Анджея Иконникова-Галицкого

Иллюстрации Александра и Елены Веселовых


­

ЛИТЕРАТУРНАЯ МАТРИЦА

Санкт-Петербург

АННОТАЦИЯ:

«Божественная комедия» Данте – одно из самых знаменитых и в то же время одно из самых трудных для чтения и понимания произведений мировой литературы. Книжная серия «Matrix Epicus» предлагает познакомиться с великой поэмой в художественном прозаическом пересказе Анджея ­Иконникова-Галицкого: совершить путешествие по сумрачным и светлым, ужасным и прекрасным областям неведомого мира, спуститься в глубины Преисподней, взойти на Гору Очищения и даже осуществить полёт в небесные сферы вместе с любознательным Данте, мудрым Вергилием и прекрасной ­Беатриче.


ISBN 978-5-6051225-2-4


Знак информационной продукции 16+


https://litmatrix.ru/


© Анджей Иконников-Галицкий, пересказ, 2024

© ООО «Литературная матрица», 2024

© Александр Веселов, иллюстрации, обложка, 2024

© Елена Веселова, иллюстрации, 2024

Скажи мне, Господи, путь, в онь же пойду...

Псалом 142: 8


Слово пересказчика


Мы собираемся рассказать вам одну потрясающую историю.
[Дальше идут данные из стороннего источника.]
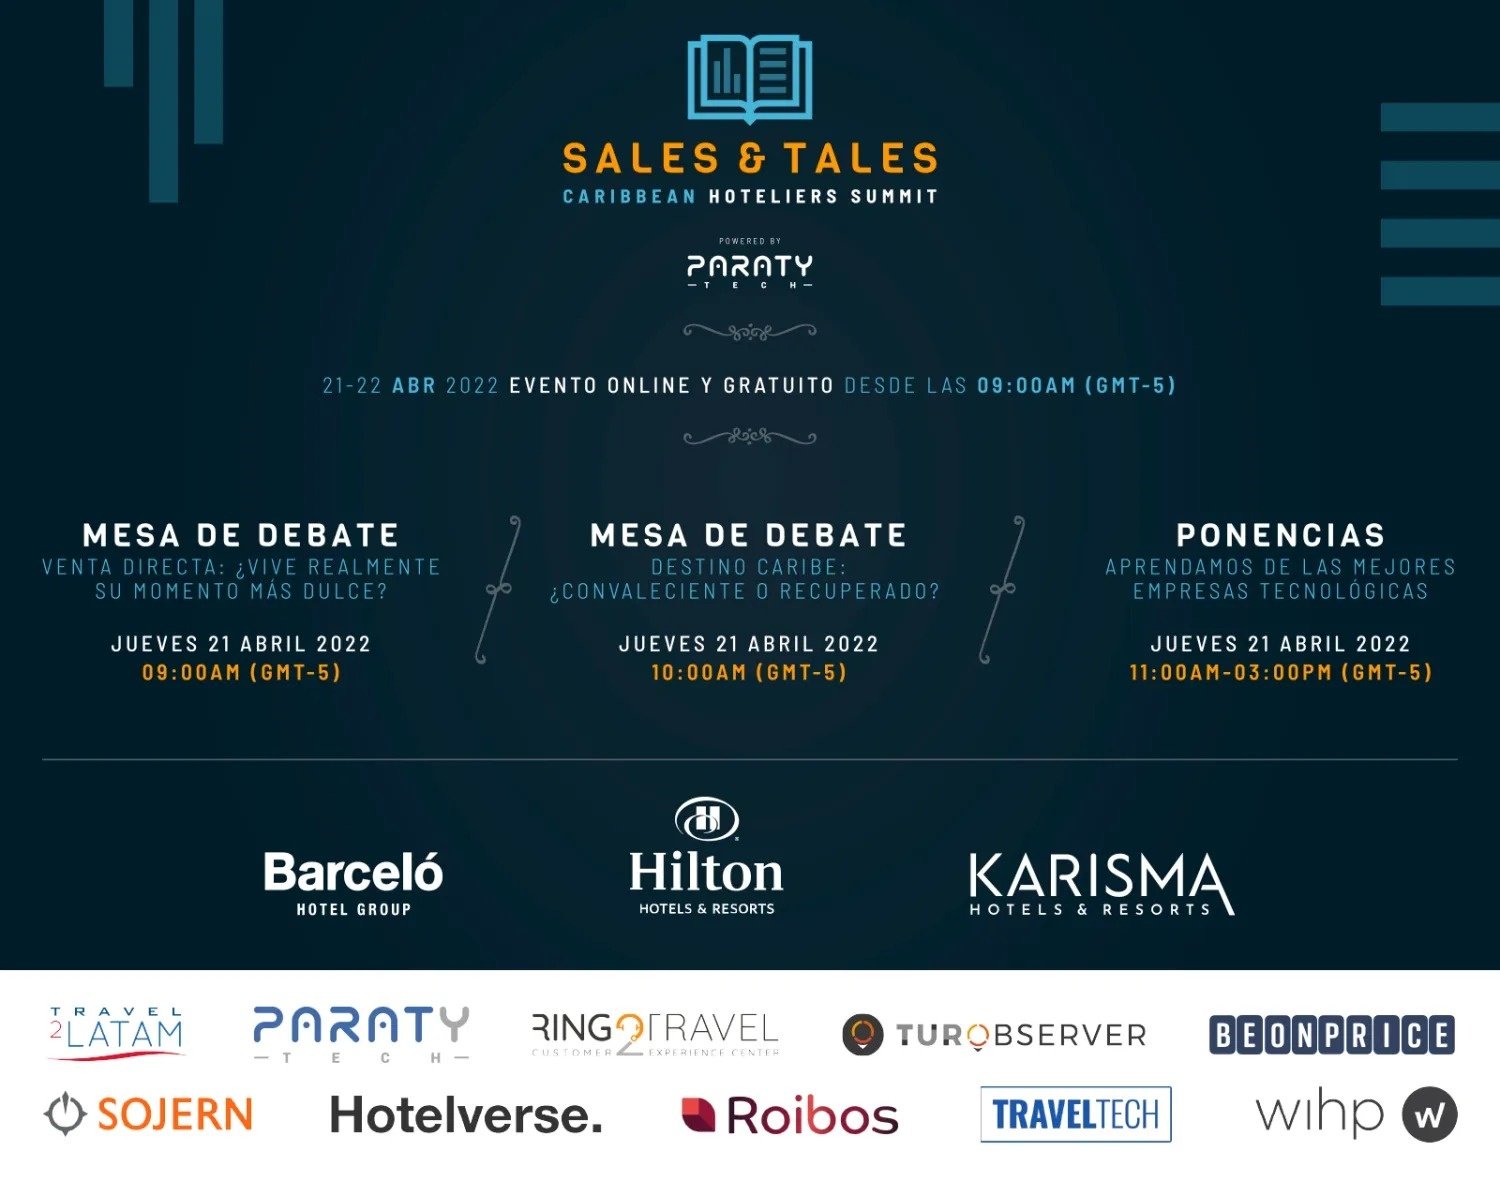 El 21 de abril, hoteleros y tecnológicas se dan cita en Sales & Tales Caribbean Hoteliers Summit

Мы, правда, не предполагали делать ничего подобного, но к нам пришли и сказали: «Надо!»

Услышав такое предложение, мы сначала в ужасе отпрянули, понимая меру ответственности и то, какое место эта история занимает в мировой культуре. Но потом подумали и согласились.

Потому что это, во-первых, безумно интересно, а во-вторых, действительно, как нам кажется, надо.

Дело в том, что эта история, известная как «Божественная комедия» Данте, – одна из крупнейших жемчужин в сокровищнице духовной культуры человечества. Про неё и про её создателя знают абсолютно все. Однако если провести исследование среди своих друзей и знакомых, то, скорее всего, обнаружится, что лиц, прочитавших её целиком и способных ответить на десяток вопросов по тексту, не так уж много. Очень вероятно, что таких не окажется вовсе. Не исключено даже, что и мы сами не сможем вспомнить некоторые нюансы загробных странствий Данте с Вергилием и Беатриче. А также и то, когда последний раз открывали эту книгу и докуда дочитали.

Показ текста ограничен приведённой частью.